Automating Wordpress Containers with Ansible and Podman

If you asked, “how I set up WordPress sites super fast and easy using Podman quadlet files and Ansible?”

You’ve come to the right place.

This guide includes:

Ansible role for running rootless WordPress pods.
Running those pods as a systemd startup service.
Backing up your WordPress and SQL Podman volumes.
Automatic container updates and rollbacks.

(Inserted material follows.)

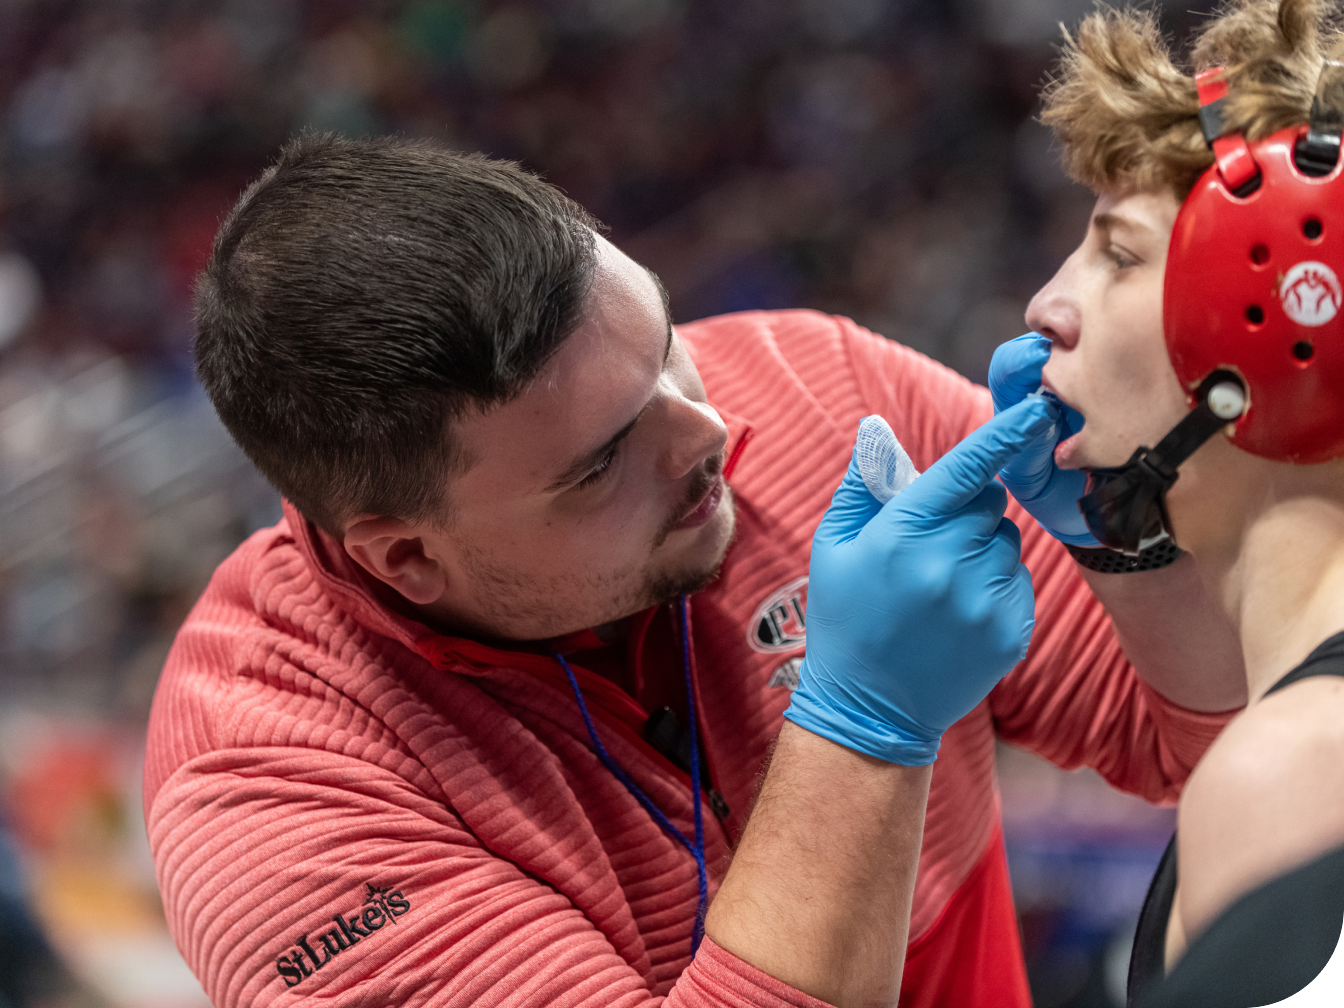 Athletic trainer looking into a wrestling athlete's mouth for injury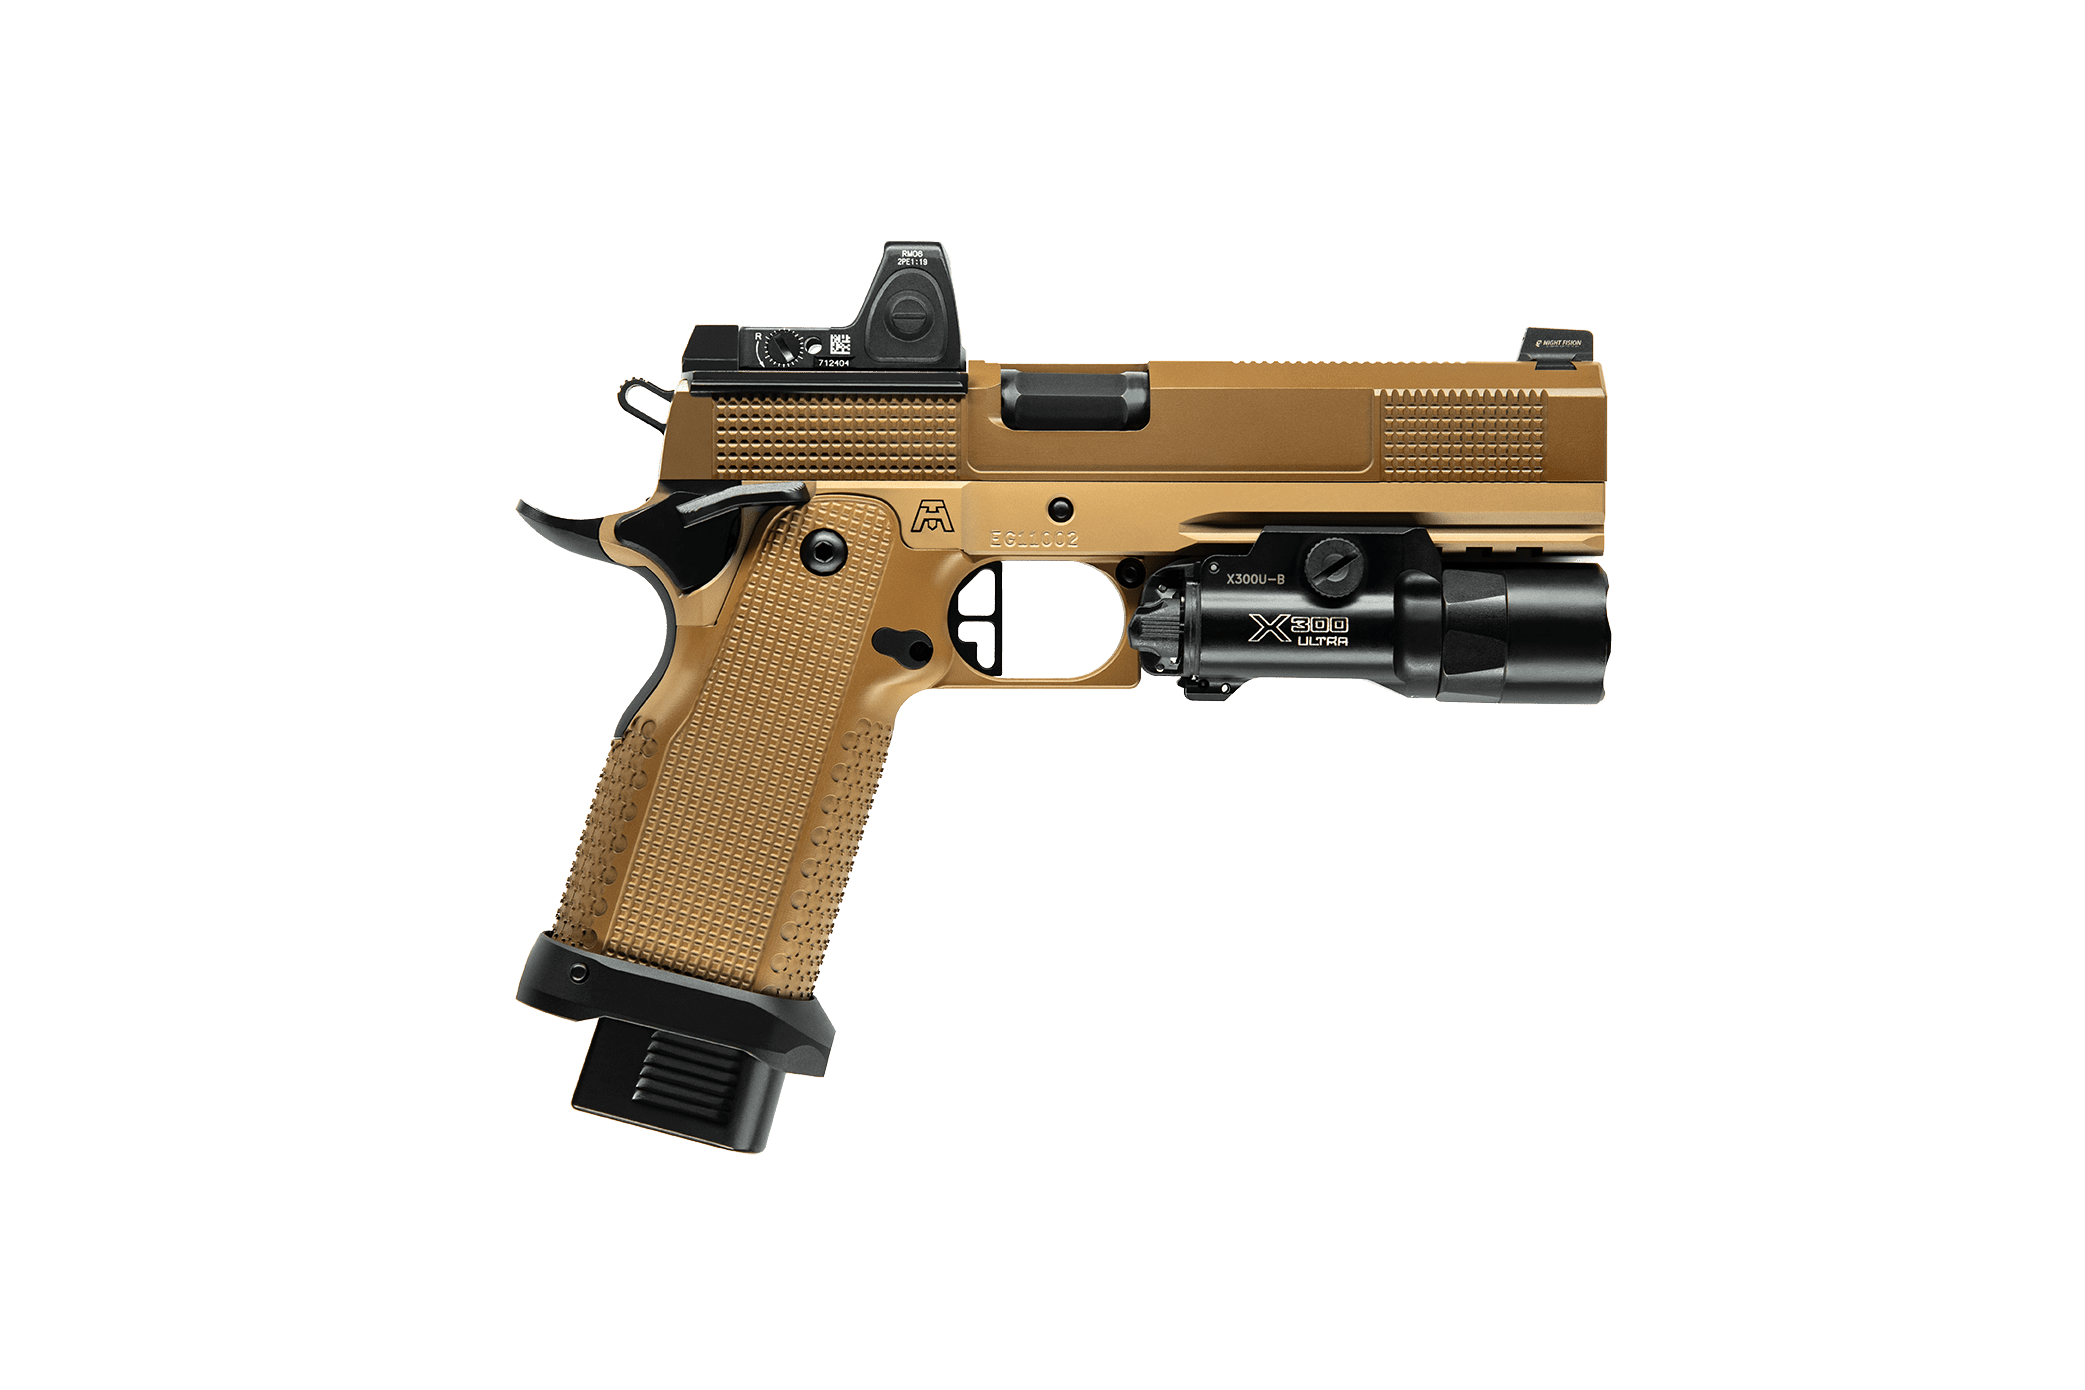 YELLOW PISTOL WITH MAG SIGHT 1 X 300 ULTRA72 DPI

I’m using AlmaLinux 10 as the OS. Feel free to use whatever ya like. Just make adjustments as needed. You’ll also need an Ansible control node set up to run playbooks on the target server. This not a guide for all that so you are on your own!

Building the Ansible container role

Let’s create a role that sets up a host to run containers via Podman Quadlets as a rootless user. In my lab, the role is called container-ship.

Here’s how I set up the proper directory structure for this role:

ansible-galxy role init container-ship

`container-ship/tasks/`

Under the role directory, I set up tasks/main.yml to include:

- block:

  - import_tasks: pre.yml
    tags: pre
  - import_tasks: it-tools-container.yml
  - block:
      - include_tasks: wordpress_pod.yml
        loop: "{{ wordpress_sites | default([]) }}"
    when:
      - wordpress_pod
      - wordpress_sites is defined
    tags: wordpress_pod

  tags: containers
  when: containers

Notice the it-tools-container.yml import. This role can be used to run other containers as well.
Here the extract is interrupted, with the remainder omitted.